En el
panorama político y social de este país existen una serie de asuntos
recurrentes que, de vez en cuando, vuelven a la palestra mediática y pública,
para regocijo de unos y pasmo de otros. Uno de esos temas –junto al aborto o el
terrorismo de ETA, por ejemplo- es el de Gibraltar –así, sustantivado, dotado
de esencia propia-. Cualquiera que tenga dos dedos de frente y, sobre todo, no
esté cegado por los mitos nacionalistas, que en el fondo no son sino una
transfiguración simbólica de intereses económicos, se dará cuenta de que el contencioso que el actual gobierno
mantiene, una vez más, con la colonia británica, no es más que un intento,
bastante torpe por otra parte, de desviar la atención de los problemas que le
acucian –que son muchos y muy variados-, intentando agitar un sentimiento
nacionalista en las capas más ignorantes y ultramontanas de la población, lo
cual le permite ganar ante estas masas el prestigio y sobre todo la legitimidad
que ha perdido en su acción política. Es la forma prototípica de actuar de las
dictaduras totalitarias.

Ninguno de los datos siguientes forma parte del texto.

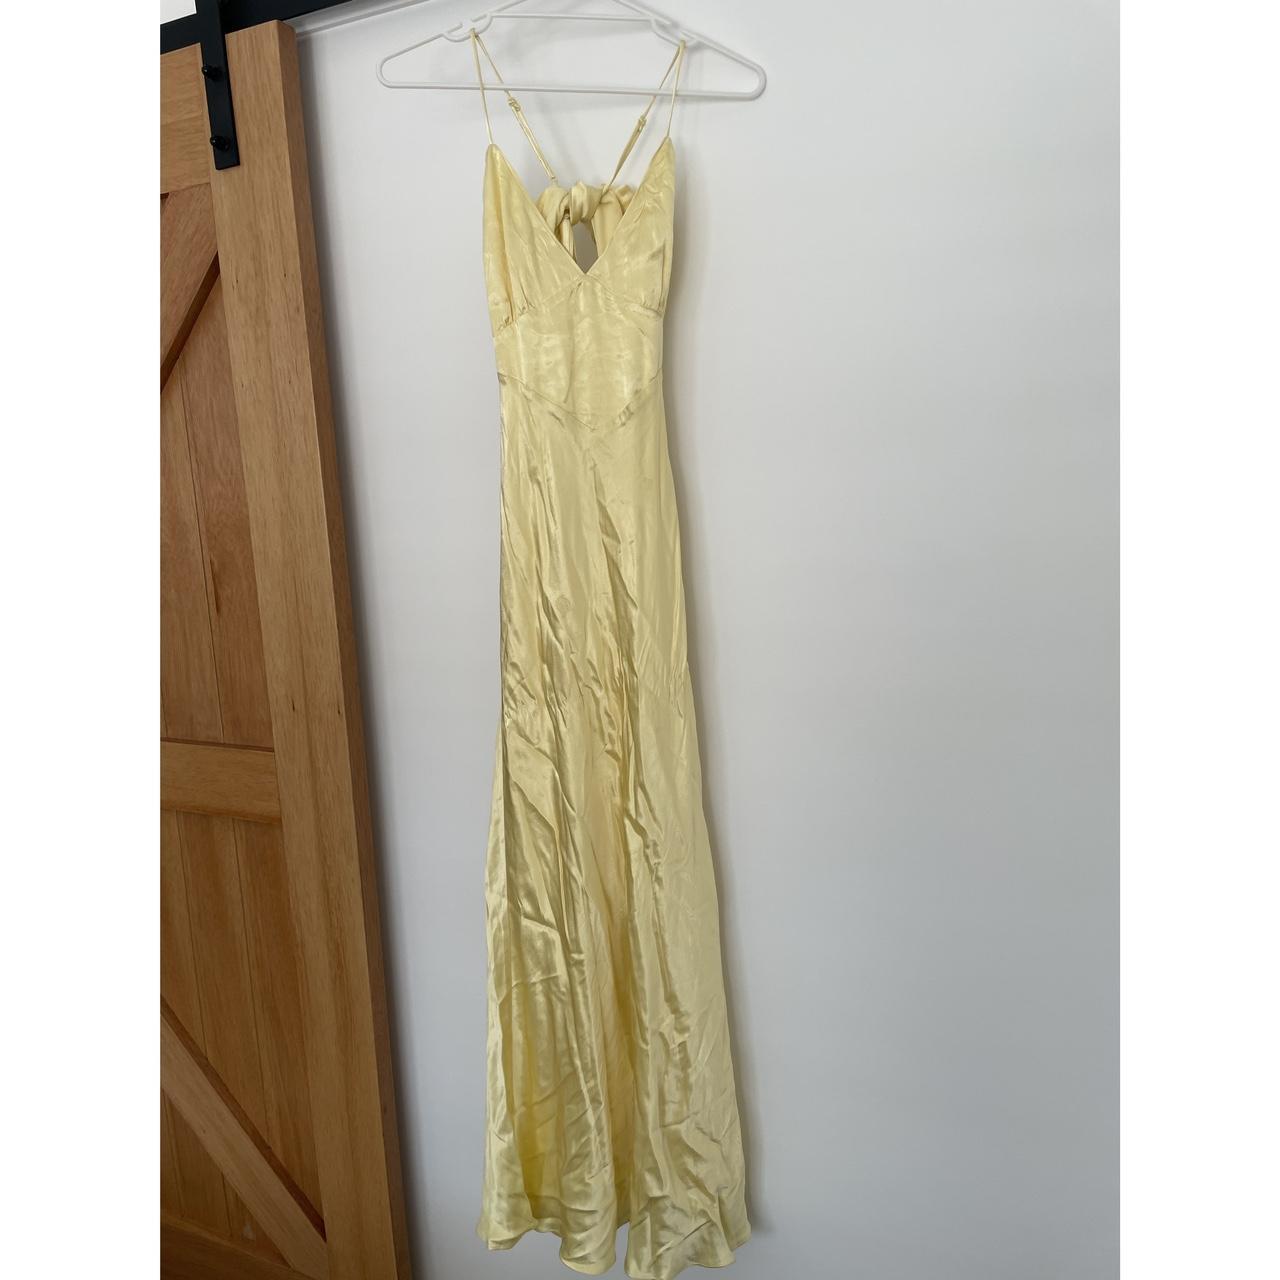 Stunning yellow maxi dress with back bow detail from... - Depop

Lo más curioso del caso es que, de momento, al único
al que está beneficiando este embrollo es al gobierno británico, al que tampoco
le iban demasiado bien las cosas y que ha aprovechado la inepcia de los
gobernantes españoles para crear su propia ola de nacionalismo fanático –de
esto los ingleses también saben mucho- con despedida multitudinaria y
patriótica de los barcos de la Armada de Su majestad que partían hacia el
Estrecho, cual de si un nuevo Trafalgar se tratara.
Y es que los excesos nacionalistas
acaban conduciendo a situaciones totalmente carentes de sentido, como el que se
haya plantado en algunos foros la oportunidad de crear un equipo de juristas internacionales
que examinen la validez de las cláusulas del tratado de Utrecht –en el mismo
sentido se podría intentar solucionar el problema de Oriente Medio examinando
la validez jurídica del relato bíblico de Moisés-. Con ser éste uno de los más
llamativos de los absurdos a los que conduce está situación, no es, sin
embargo, el único, y así hemos podido escuchar al ministro de Asuntos
Exteriores amenazar con aliarse con Argentina frente al Reino Unido en la ONU,
esa misma Argentina a la que hace unos meses el mismo ministro acusaba de
querer provocar un conflicto internacional por expropiar la filial de Repsol,
YPF. O en la misma línea, proponer una reunión cuatripartita entre España, Gran
Bretaña, Gibraltar y ¡Andalucía!, que uno piensa, que, ya puestos, por qué no
Mondoñedo, -los ingleses que, si no más listos si que son más serios saben que
se trata de un asunto entre estados soberanos, cosa que no son ni Gibraltar ni
Andalucía-. Y de la misma forma vemos y oímos a los amigos de ERC
solidarizándose con el pobre pueblo gibraltareño –el mismo que vive del
blanqueo de capitales y el contrabando- frente a la extorsión y la agresión
españolas, olvidando que el pueblo gibraltareño es una colonia del Reino nido,
y que es el imperialismo británico -o
sus restos- lo que está en juego. Y que, de momento, los únicos que anulan las ansias
de libertad y de independencia de los gibraltareños –si es que existen- son los
británicos. El sueño del nacionalismo –y el olvido de la razón-
produce monstruos deformes e irreconocibles. Y así como el nacionalismo
franquista utilizaba los grupos de coros y danzas regionales y los trajes típicos
de cada territorio para ensalzar la variedad y al mismo tiempo la unidad (la unión
de destino en lo Universal) de España, ahora los distintos nacionalismos
periféricos utilizan los mismos grupos de coros y danzas regionales y los
mismos trajes típicos para resaltar su identidad nacional. Cosas veredes.